Edge cases & what trips people up
Already-exists recovery
The provisioning flow can fail mid-way. The most common
case: diskengine is restarted between
BdevLvolCreate and
NvmfSubsystemAddNs. The lvol exists in SPDK,
the namespace doesn't. Next tick, BdevLvolCreate
fails with "already exists." The code handles this with
findExistingLvolUUID at
findExistingLvolUUID:182 , which
queries the bdev list for an lvol with the expected name
and returns its UUID.
The same pattern applies to NvmfSubsystemAddNs
via isNamespaceAttached at
isNamespaceAttached:159 .
The lesson: every idempotent provisioning flow needs "already exists" handling. SPDK doesn't expose a "create if not exists" RPC; the client has to detect and handle the error.
State drift
The flow can fail in a way that the database and SPDK
disagree. The most common: an lvol is created in SPDK but
the database record is still in CREATING.
On restart, the next tick tries to provision the lvol
again. The bdev already exists, so the create returns
"already exists" and the code recovers. But the namespace
isn't attached, so the attach step runs. The flow
completes; the database gets marked READY.
The bad case: the namespace attach
partially fails. The bdev exists, the subsystem exists,
the listener exists, but the namespace is in some weird
state.
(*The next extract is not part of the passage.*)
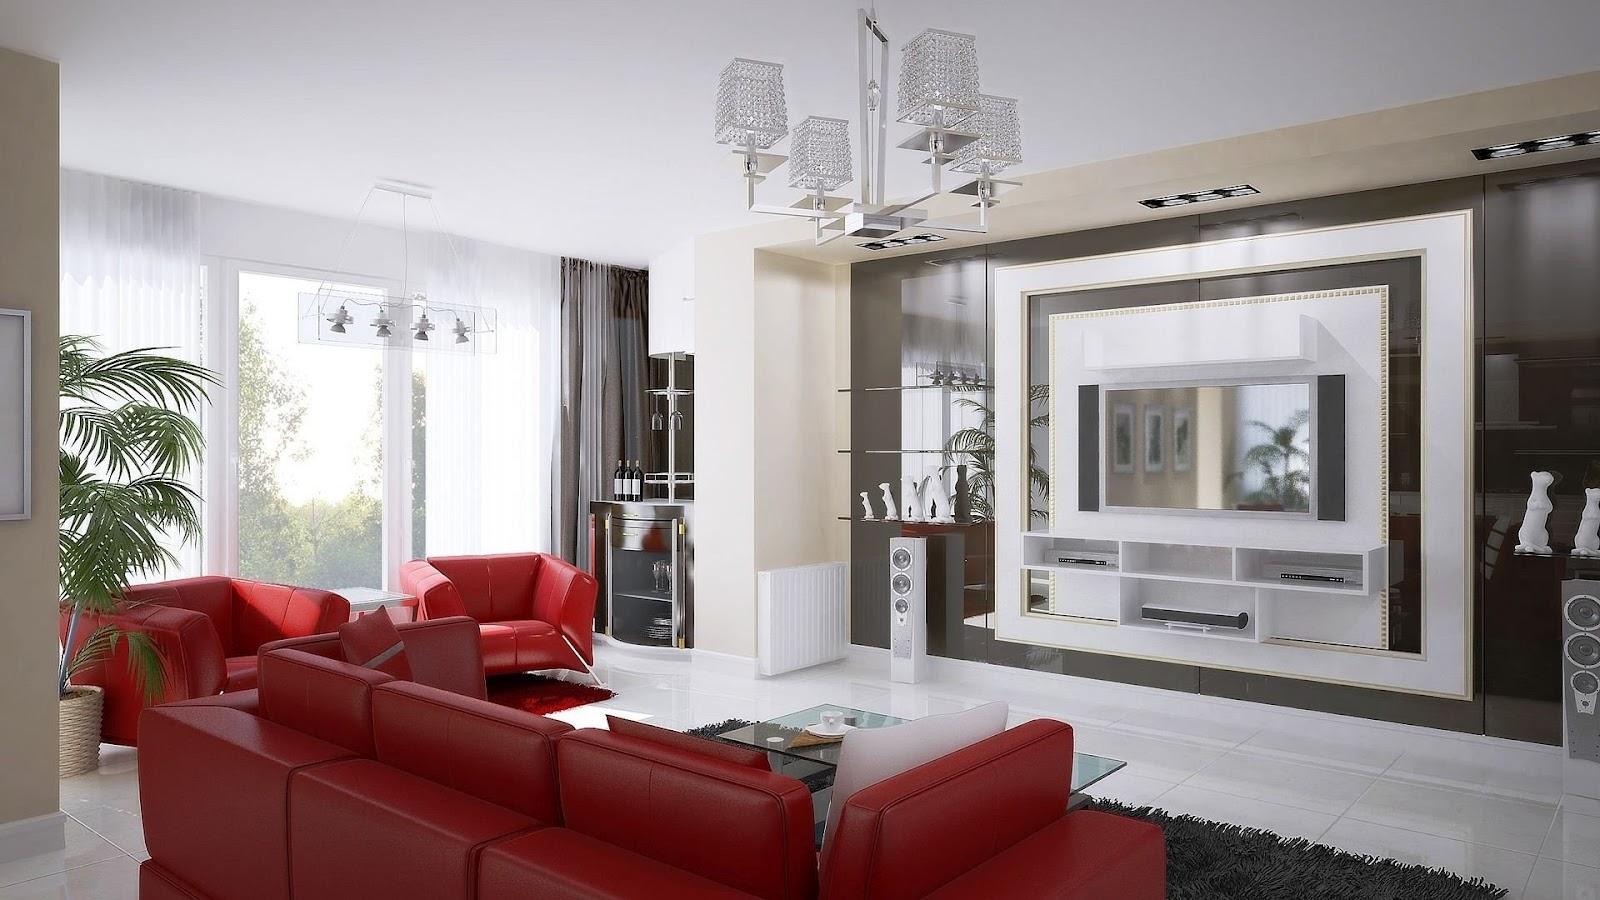 http://3.bp.blogspot.com/-Zdm6D9tQkv8/UCqbsFcSF6I/AAAAAAAADxI/mG3xSkHy2EU/s1600/luxurious-living-room-1920x1080.jpg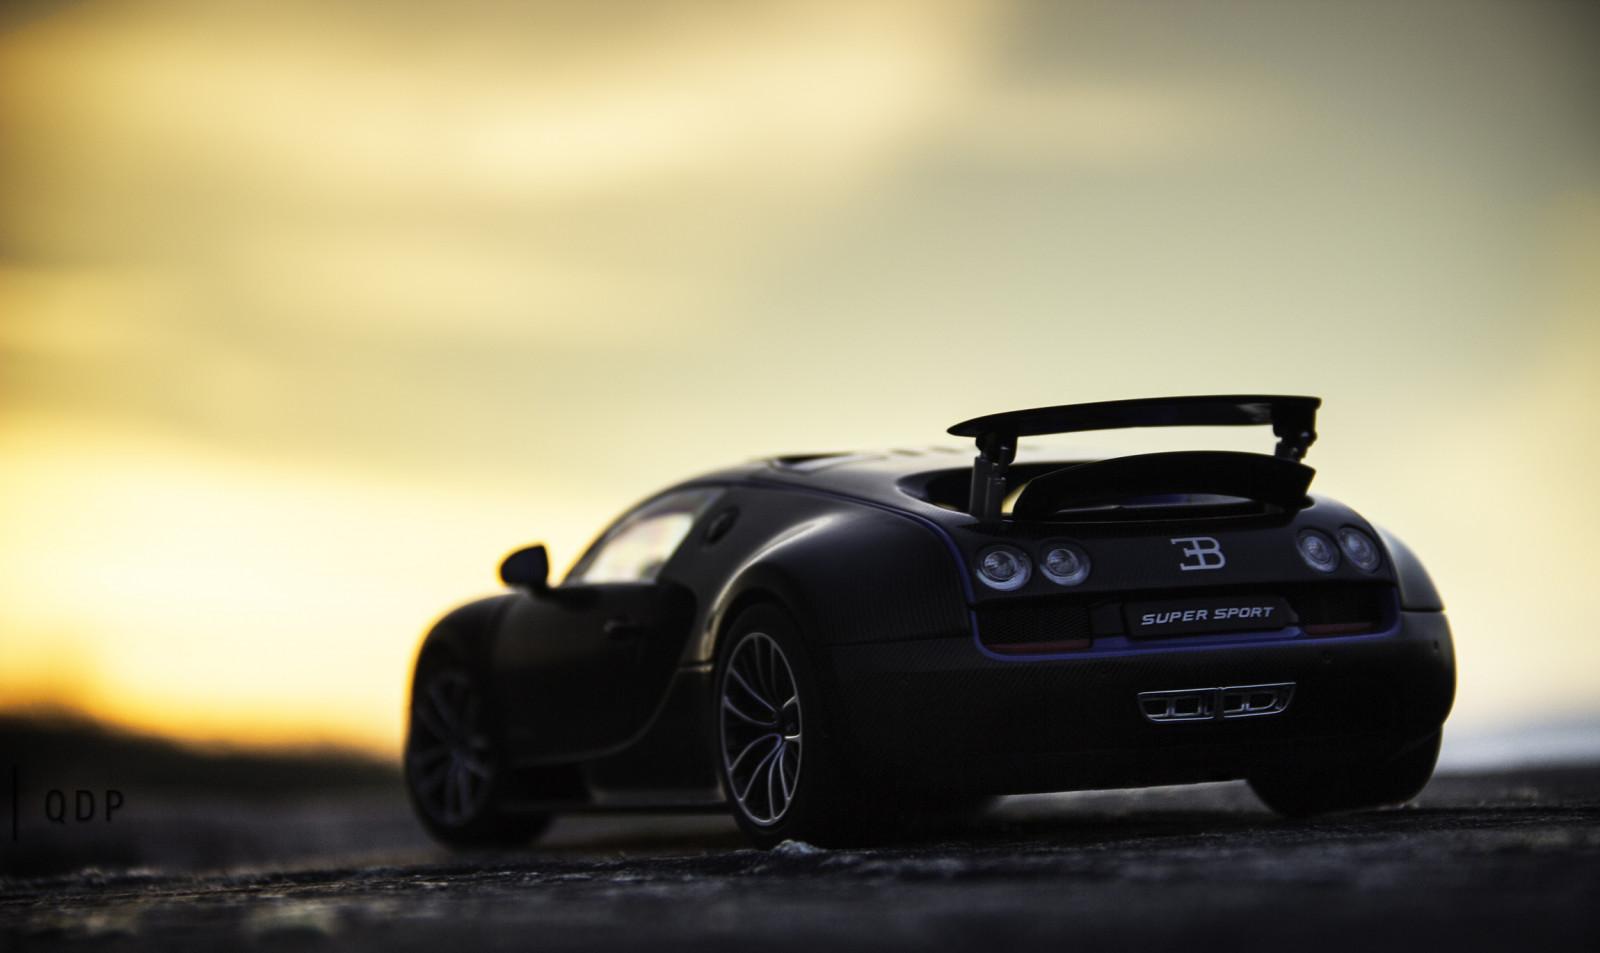 wallpaper sunset supercars blue paris sports car money bugatti veyron performance car. Black Bedroom Furniture Sets. Home Design Ideas

The provisioning loop has no way to detect this;
verifyState logs it as drift, but doesn't
fix it automatically.
The helpers.SaveConfig at the bottom of the
tick writes a JSON snapshot of the bdev and nvmf state to
SPDK_CONFIG_PATH. On nvmf_tgt restart, this
file is reloaded, and the bdevs/namespaces come back. So
the drift is "remembered" across restarts, but the
provisioning loop has to re-attach the namespace on the
next tick after the restart.
What if the host connects before the namespace is attached?
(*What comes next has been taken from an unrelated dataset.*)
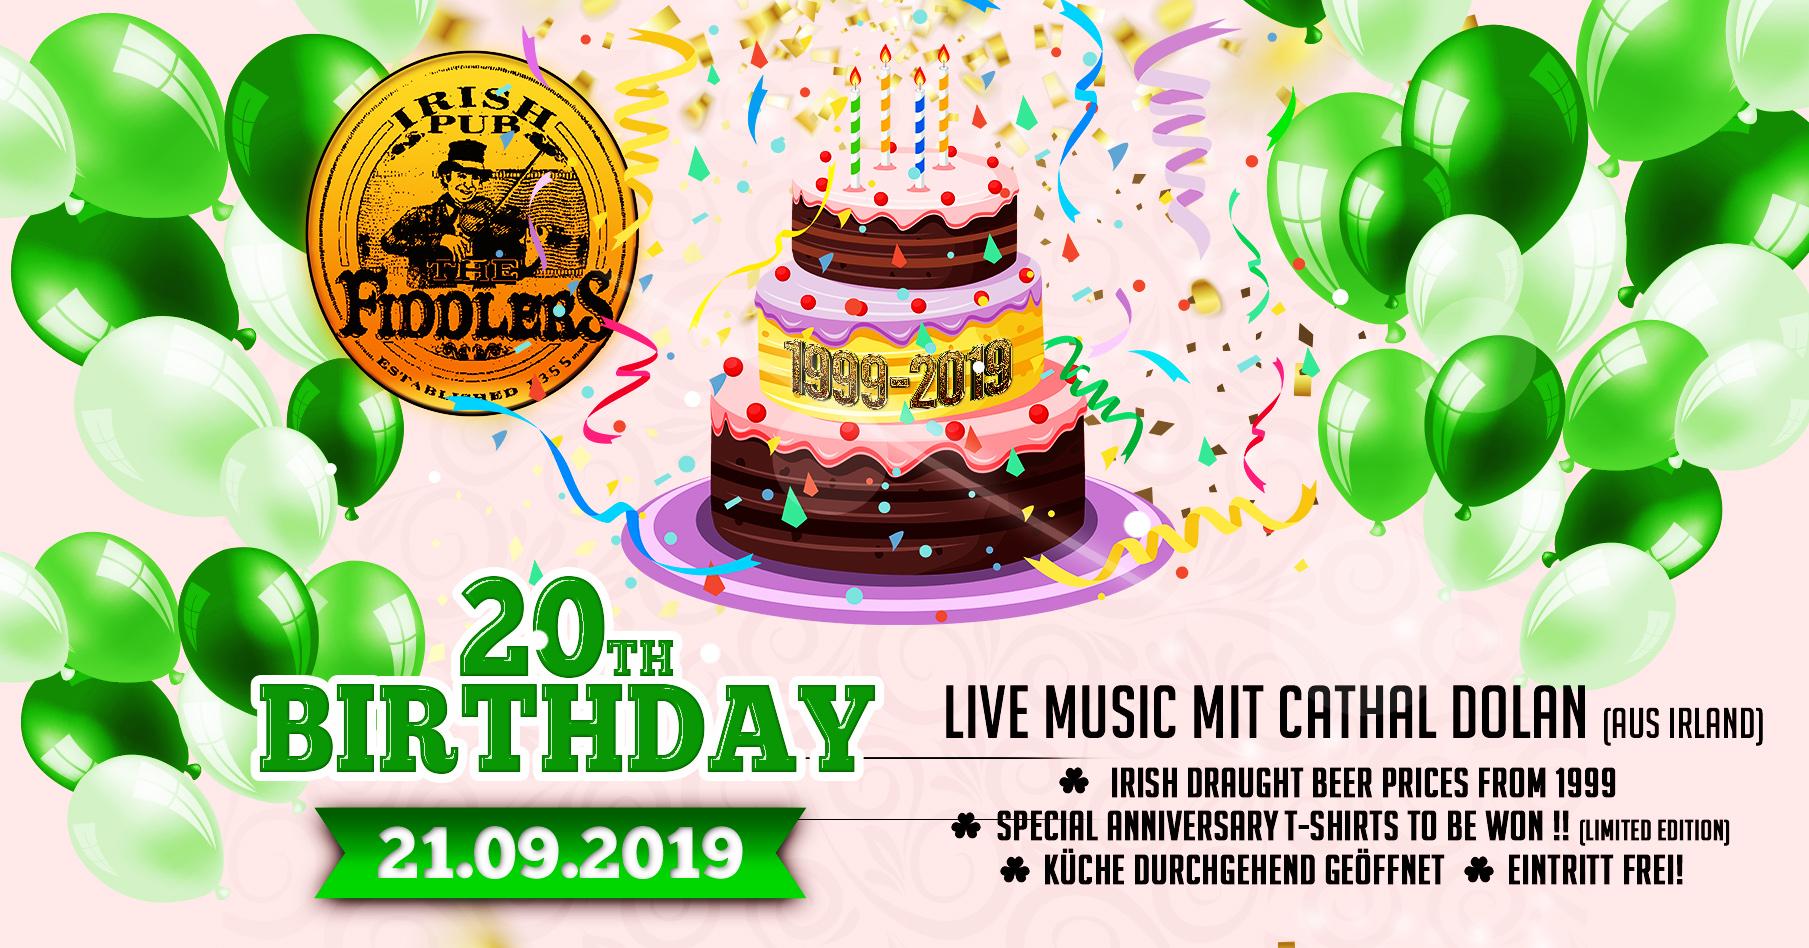 20th birthday-party

The host's nvme connect runs against the
target, the controller is created, and the host sends
Identify Namespace for NSIDs 1, 2, 3... If no
namespaces are attached, all of them return
"NSID not in use." The host sees no block devices under
/dev/nvme*. This is fine — the host just has
to wait for the next tick, or re-discover after the
namespace attach.
The protocol does not have a "namespace appearance" notification that targets can push to hosts. AEN (Asynchronous Event Notifications) can be used for namespace changes, but in practice hosts re-enumerate on a timer. So there's a natural latency: the namespace is attached, the host's next poll picks it up.
What if the disk's NQN changes?
The NQN is derived from the disk serial. If the disk is replaced, the serial changes, the NQN changes, the subsystem changes. The old subsystem is still in SPDK but has no lvols. The new subsystem is created. The host's connection to the old subsystem continues until the host's controller times out (keep-alive) or the host explicitly disconnects.
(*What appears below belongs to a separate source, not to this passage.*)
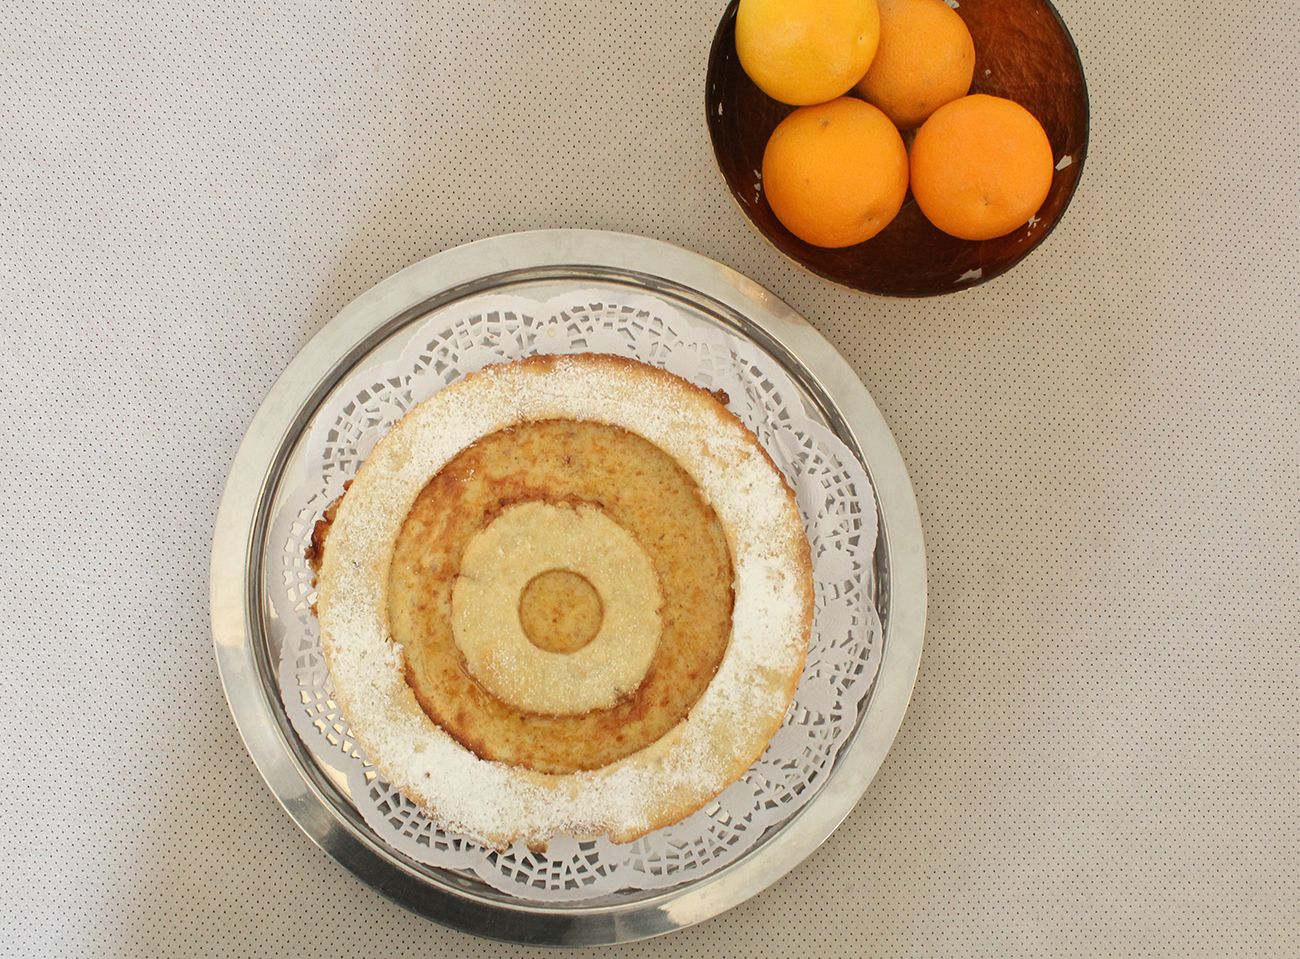 IMG 3522 - טארט תפוזים ושקדים

This is a feature, not a bug: the old lvol is still
addressable until the host lets go of it. The cost is
stale subsystems cluttering up the target; a
nvmf_subsystem_remove RPC after
disconnect would be cleaner, but diskengine doesn't
do this automatically.
What to take away
The provisioning flow is a sequence of idempotent "ensure-or-create" calls, all of which go through the JSON-RPC socket to nvmf_tgt. The state machine on the diskengine side is "CREATING → READY," with the work happening on a per-tick loop. The state machine on the SPDK side is "subsystem doesn't exist → create → listener attached → namespace attached." Every step has an "already exists" recovery path. The host's connection is decoupled from the provisioning; once the subsystem is listening, hosts can connect (or reconnect) at their own pace.
This is the end of Layer 6. The next layer is vhost and virtio — the paravirtualized cousin of NVMe-oF for VMs that don't need full NVMe semantics.